**Task directions:** The answer must be an exact copy of the lines from the one with "Spiritual meaning of dead dogs in dreams" through the final line below, with no pictures and nothing else.

**Exercise data:**
---------------

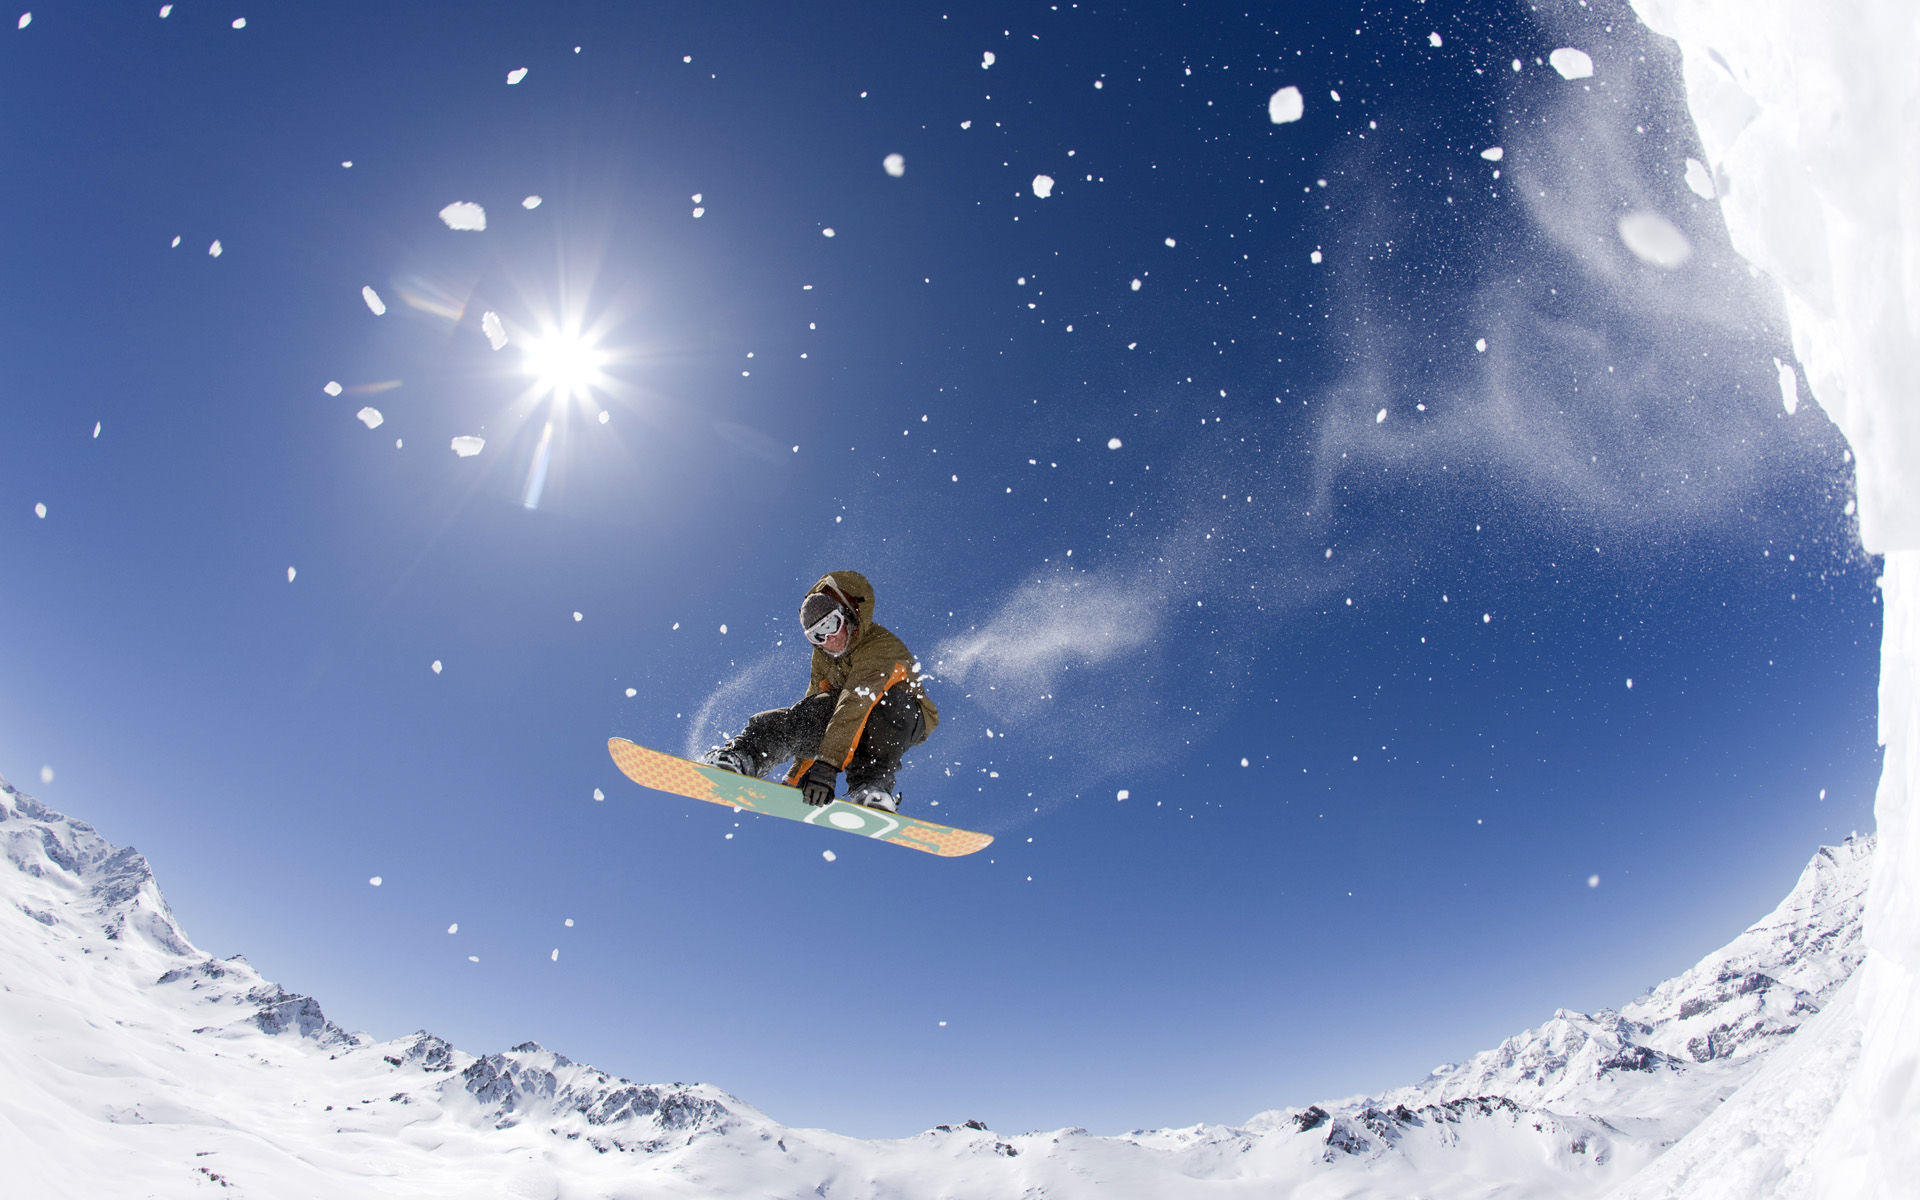 Winter Extreme Sports Wallpapers   HQ Wallpapers   HQ Wallpapers
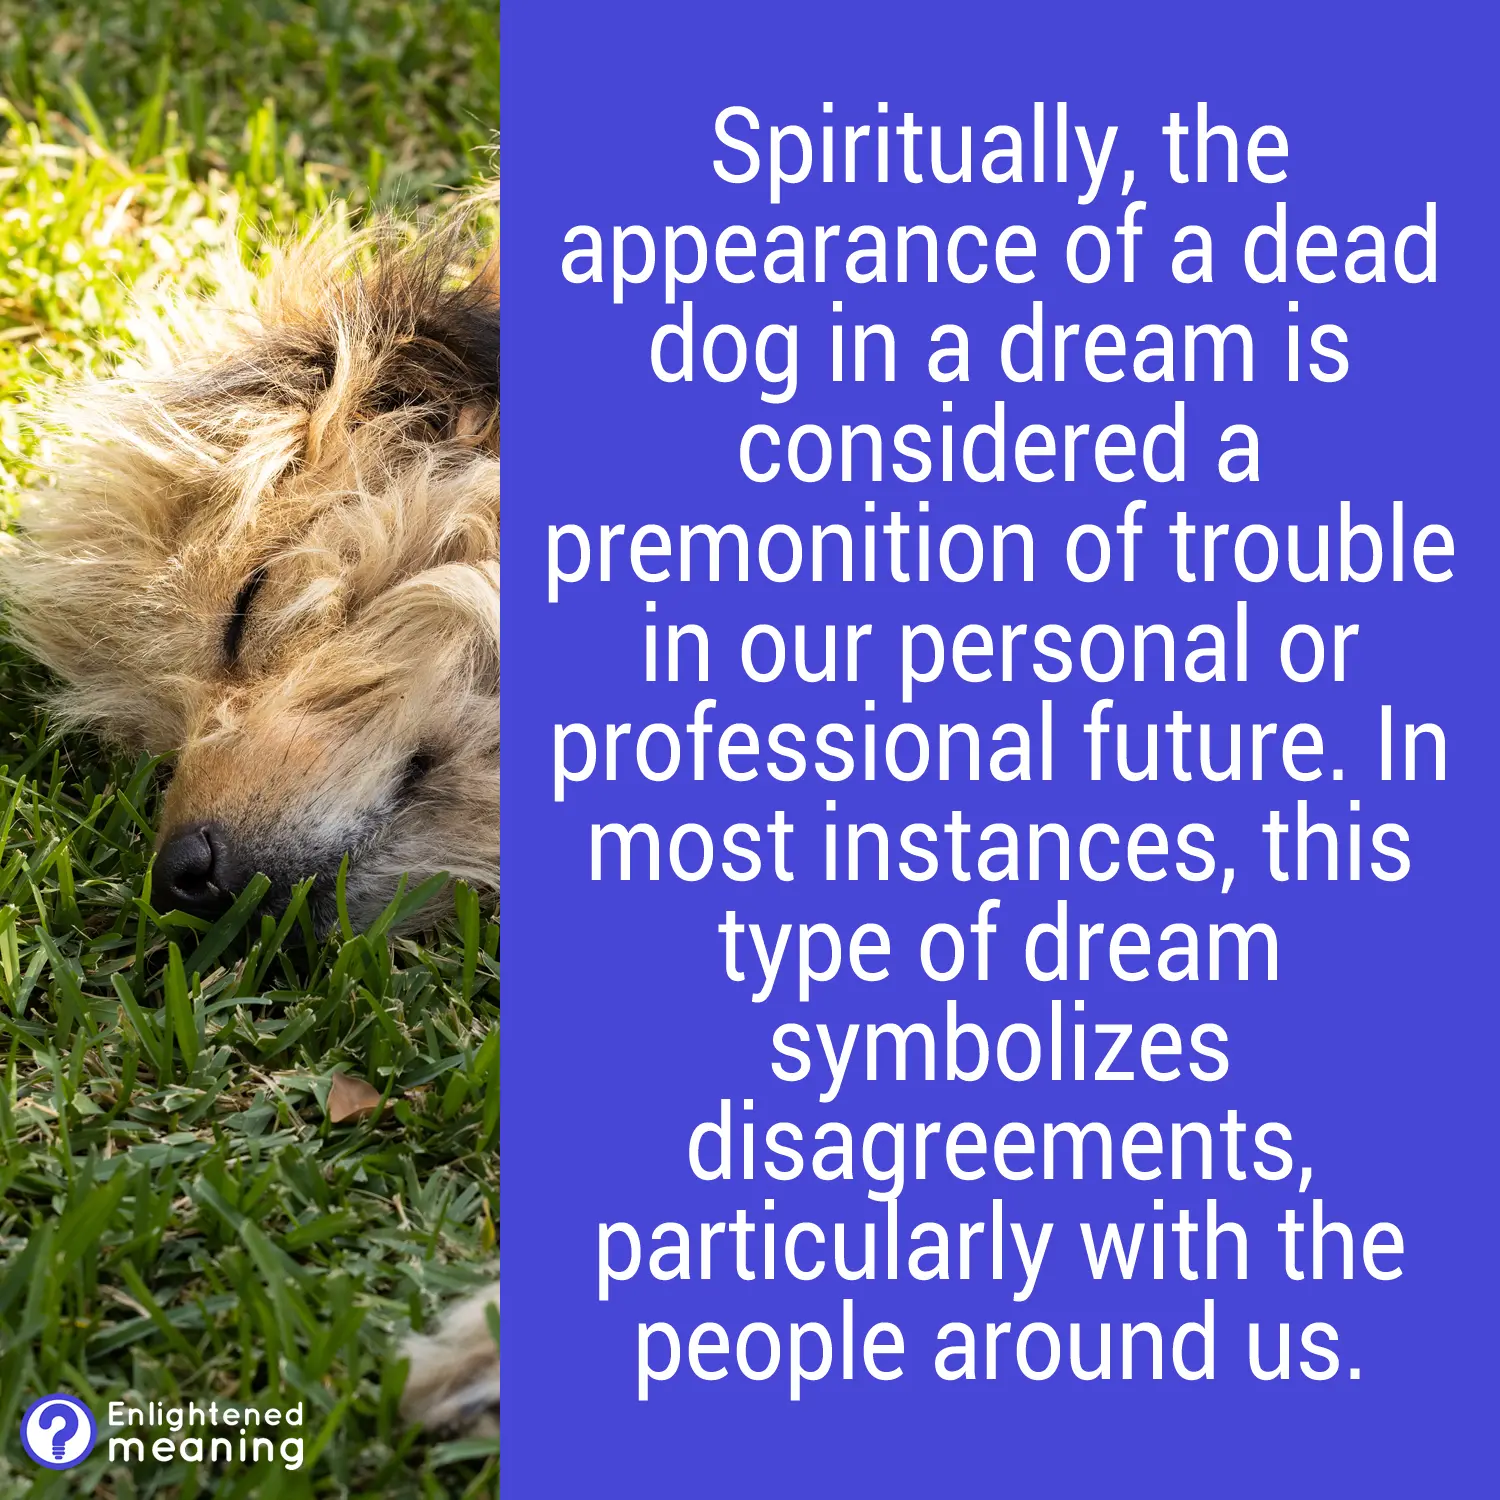 Spiritual meaning of dead dogs in dreams
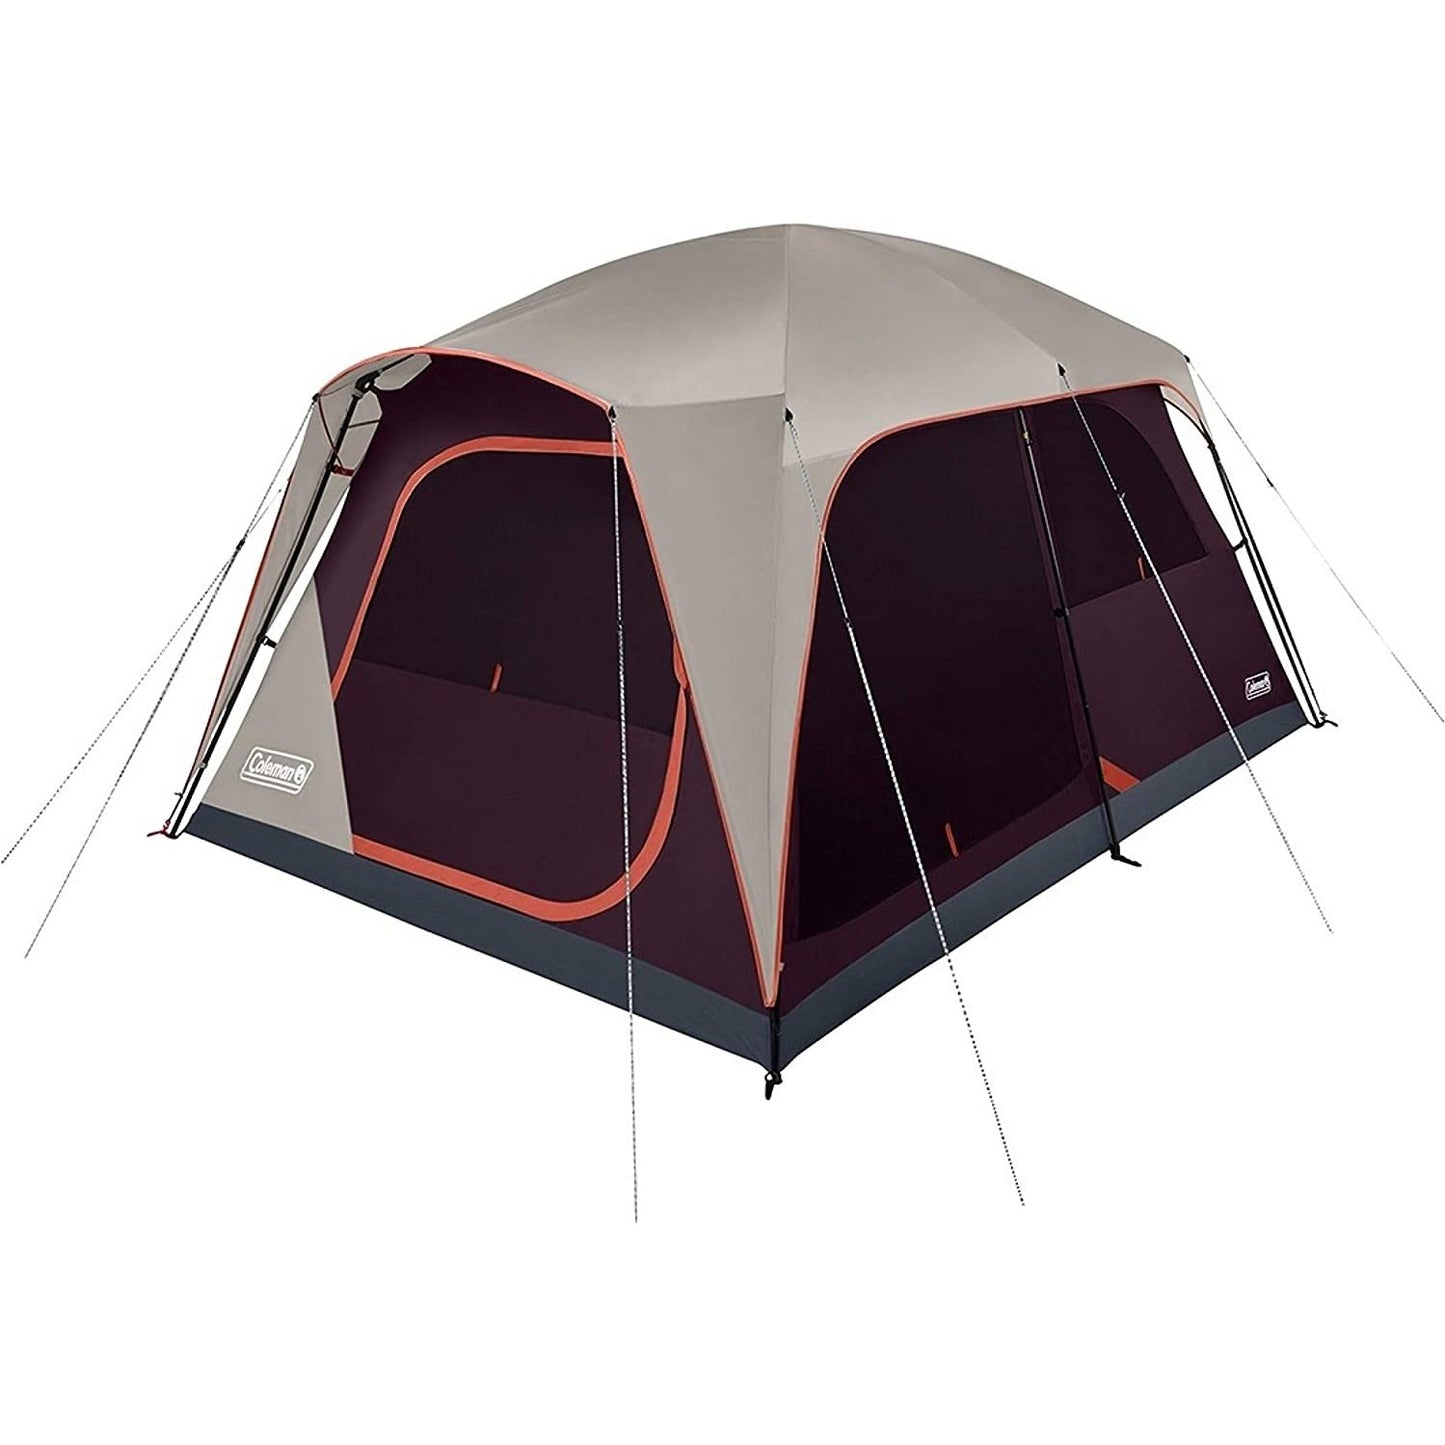 Skylodge™ 8-Person Camping Tent, Blackberry

---------------

**Answer area:**
 Spiritual meaning of dead dogs in dreams
 Skylodge™ 8-Person Camping Tent, Blackberry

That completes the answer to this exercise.